I would start by making the following observations:
- The first element of each combination must be 0.
- The second element must be 0 or 1.
- The third element must be 0, 1 or 2, but it can only be 2 if the second element was 1.
These observations suggest the following algorithm:
def assignments(n, m, used=0):
"""Generate assignments of `n` items to `m` indistinguishable
buckets, where `used` buckets have been used so far.
>>> list(assignments(3, 1))
[(0, 0, 0)]
>>> list(assignments(3, 2))
[(0, 0, 0), (0, 0, 1), (0, 1, 0), (0, 1, 1)]

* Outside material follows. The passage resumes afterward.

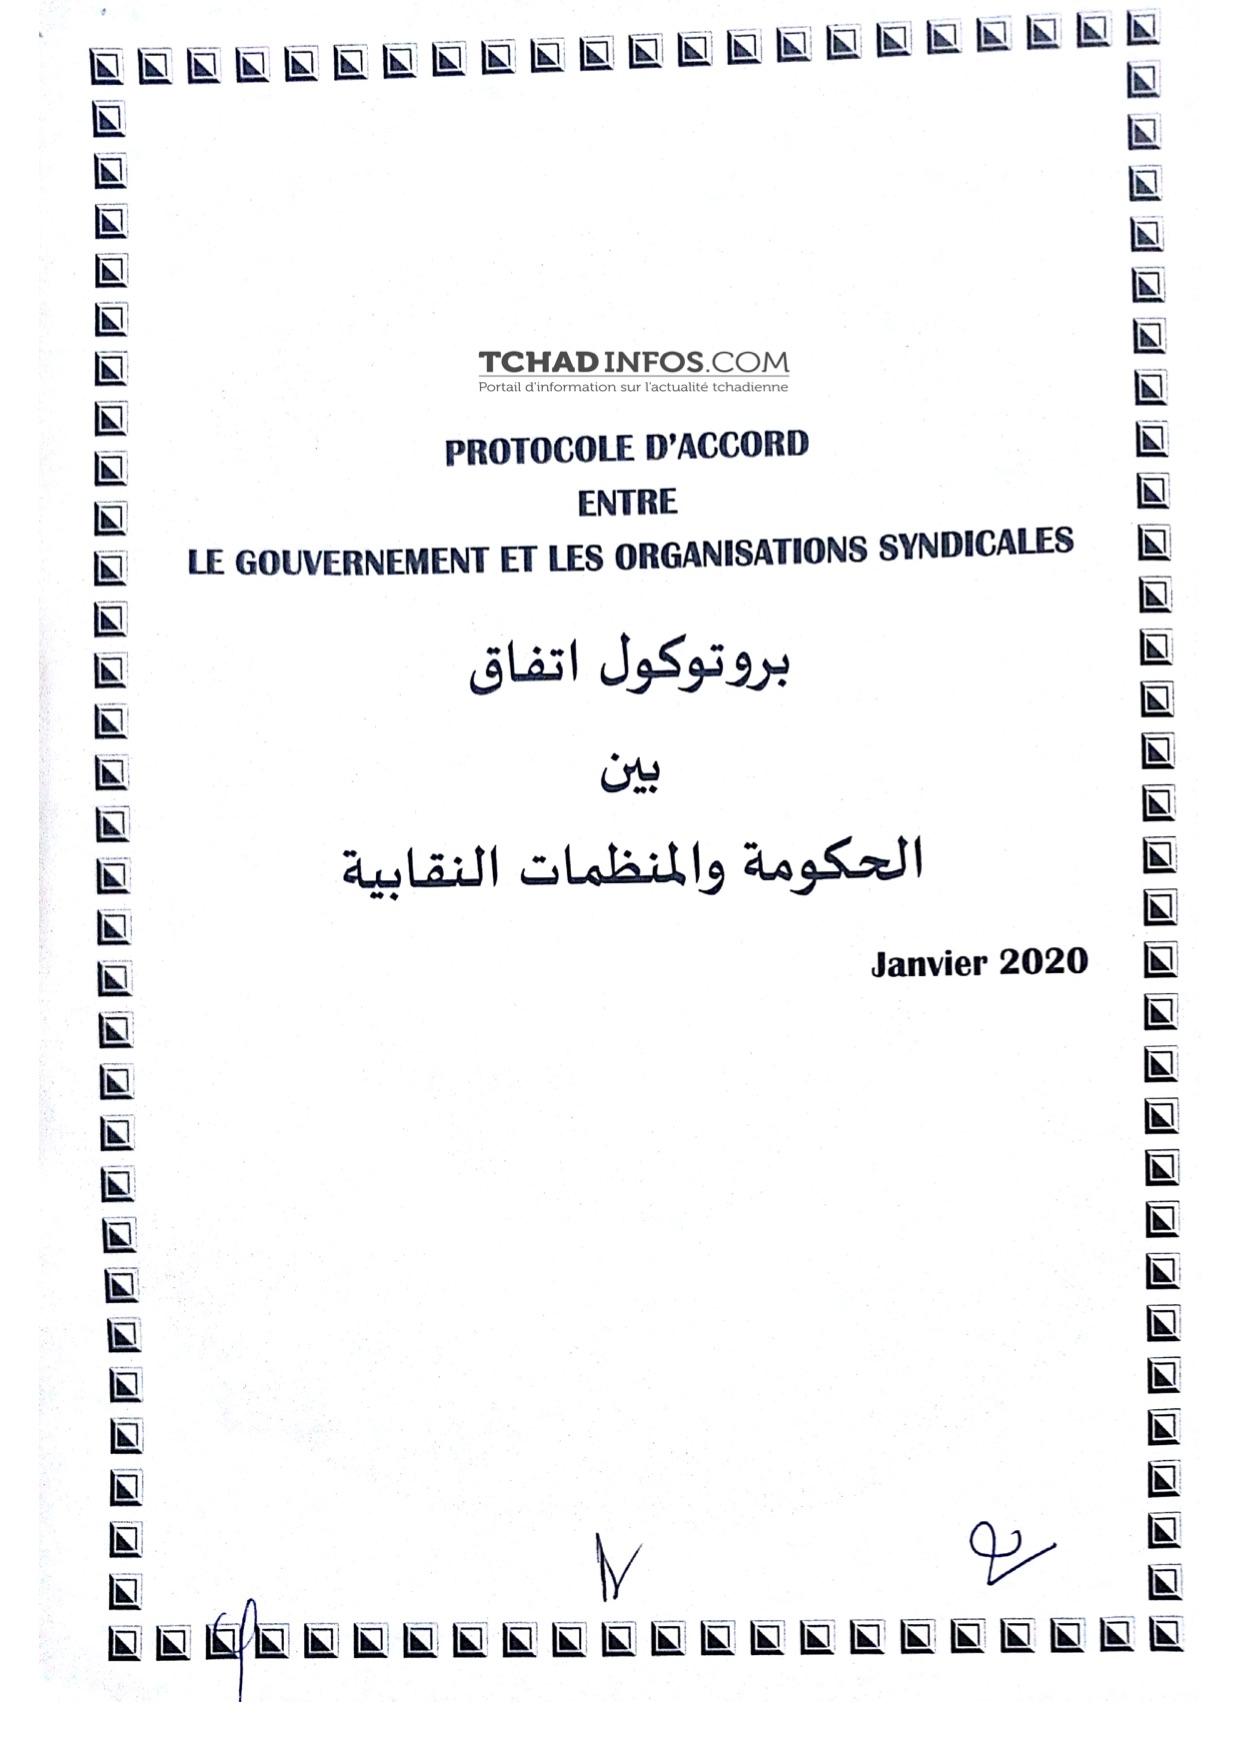 Voici le contenu de l'accord entre Gouvernement et Syndicats

>>> list(assignments(3, 3))
[(0, 0, 0), (0, 0, 1), (0, 1, 0), (0, 1, 1), (0, 1, 2)]
"""
if n == 0:
yield ()
return
aa = list(assignments(n - 1, m, used))
for first in range(used):
for a in aa:
yield (first,) + a
if used < m:
for a in assignments(n - 1, m, used + 1):
yield (used,) + a
This handles your use case (12 items, 5 buckets) in a few seconds:
>>> from timeit import timeit
>>> timeit(lambda:list(assignments(12, 5)), number=1)
4.513746023178101
>>> sum(1 for _ in assignments(12, 5))
2079475
This is substantially faster than the function you give at the end of your answer (the one that calls product
and then drops the invalid assignments) would be if it were modified to handle the (12, 5) use case:
>>> timeit(lambda:list(test(12, 5)), number=1)
540.693009853363